Club Quarantine is one of the most prolific examples, but similar club nights have also been emerging over here in the UK. There’s Queer House Party and Quarantine Queens which hold their events via Zoom every Friday and Saturday respectively, and are well worth checking out if you’re UK based and in need of a good night ‘out’ *in*! Outside of these explicitly queer events, music broadcaster Boiler Room, which for years has shared live streams of DJ sets, has now started hosting events via Zoom as well.

The idea of watching a DJ set at home via a live stream isn’t anything that new, but what sets these online Zoom parties apart is the opportunity for people to see each other and interact. Although primarily used as a video conferencing platform geared towards holding business meetings online, Zoom meetings are proving to be one of the most effective ways of creating virtual spaces for people to hang out with each other.

Unlike a typical live stream which is broadcast to an unlimited number of people, Zoom’s upper limit for the number of attendees is 1000 – and in some ways this helps to recreate the feeling of exclusivity and excitement you get when going to a ‘real’ club.

Club Quarantine has become so popular that they’ve had to start making use of Zoom’s ‘waiting room’ feature, creating a quasi-queue outside the club’s virtual door. You’re not one amongst hundreds of thousands of other “viewers”, you’re part of a particular group of people all hanging out in the same digital space together.

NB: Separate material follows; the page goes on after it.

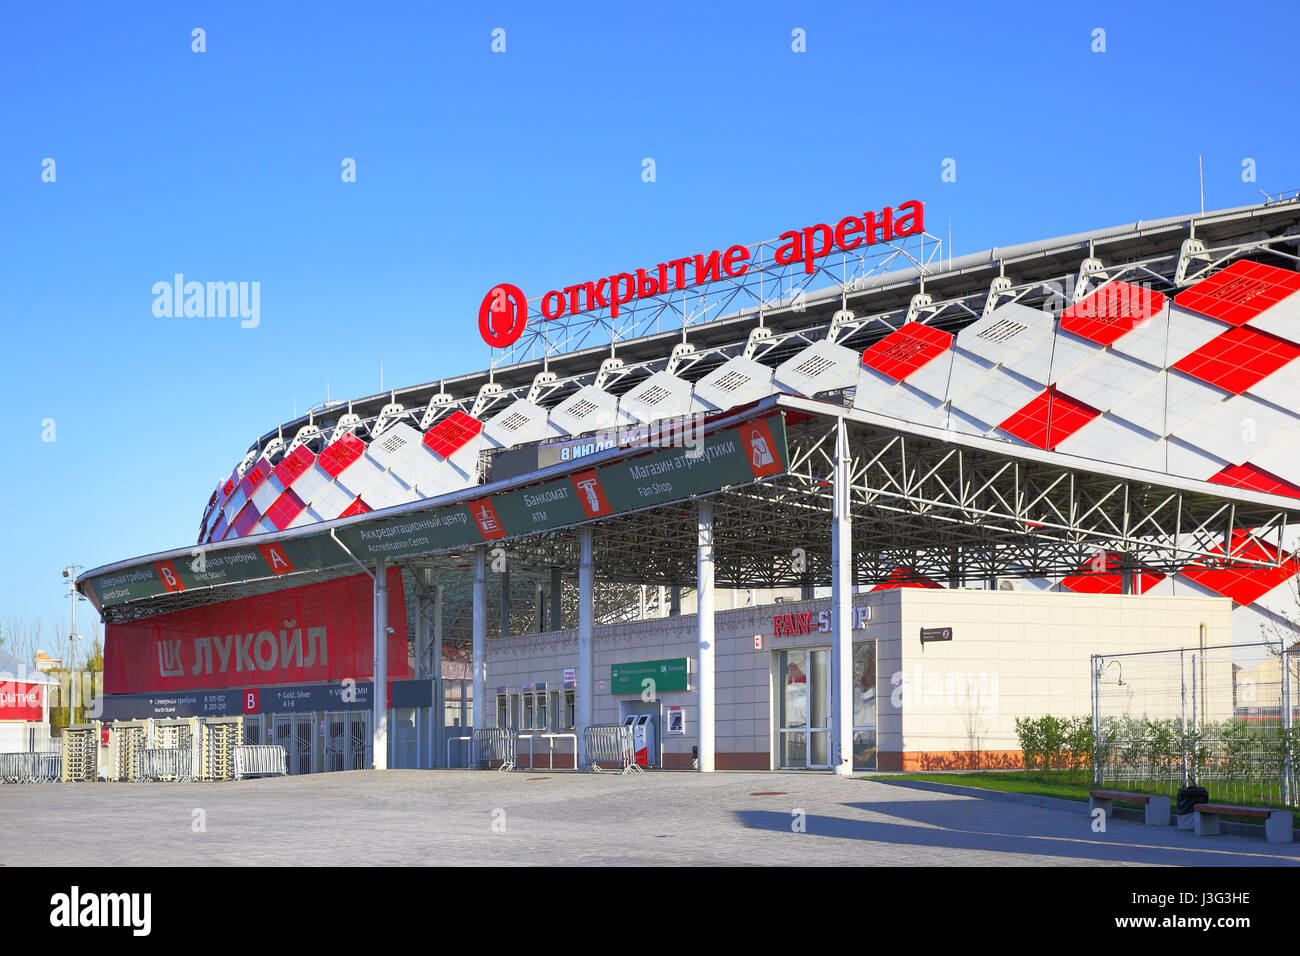 Moskau, Russland - 3. Mai 2017: Eintrag Otkrytie Arena Stadion (Spartak-Stadion) in Moskau Stockfoto

Seeing other partiers dancing for their webcams, letting their hair down and having a good time while you’re all enjoying the same music takes you away from the isolation of being locked-in at home and helps you feel engaged with your other partygoers. Transferring the club environment onto the internet and filtering it through the lens of social media makes for an exciting new dynamic, where clubbing gets mashed up with performance.

There’s a particular thrill you feel when your own screen gets spotlighted, and you know that right now everyone else in the club is looking at you; for a moment you’re the star of the show. Even if you prefer not to share your video with everyone, you can still feel like you’re actively part of the experience, rather than just passively listening to some music being streamed.

Fully replicating the feeling of being out at the club while being stuck at home might be a goal that remains forever out of reach though – there are some aspects that just can’t be recreated. There’s something to be said for that feeling of energy pulsing through the air when you’re surrounded by people all dancing together; the strange sense of unity you find amongst strangers when you’re all sharing a moment in the same time and space.

But, as its own unique experience, digital clubbing offers some benefits, and they’re ones that are well worth preserving even once we’re allowed out again. For one, it’s a hell of a lot cheaper – there’s no need to order an Uber and you don’t need to spend money on overpriced drinks at a bar when your own kitchen is right at hand! It’s also much more accessible; the traditional club environment is not well suited to everyone – like those with disabilities that standard club setups don’t accommodate; or those with social anxiety and being around large groups; or those with young children they can’t leave home alone. There are tons of reasons why people might find the experience of clubbing inaccessible, and in some ways it’s remarkable that digital events like these haven’t been more common prior to the lockdown.

It’s still uncertain how long lockdown will last – but for the time being these virtual clubs are keeping the party going. While it seems unlikely that digital clubbing could completely replace the IRL nightclub, one can hope that it might end up sparking a positive change towards a more inclusive type of partying in the future.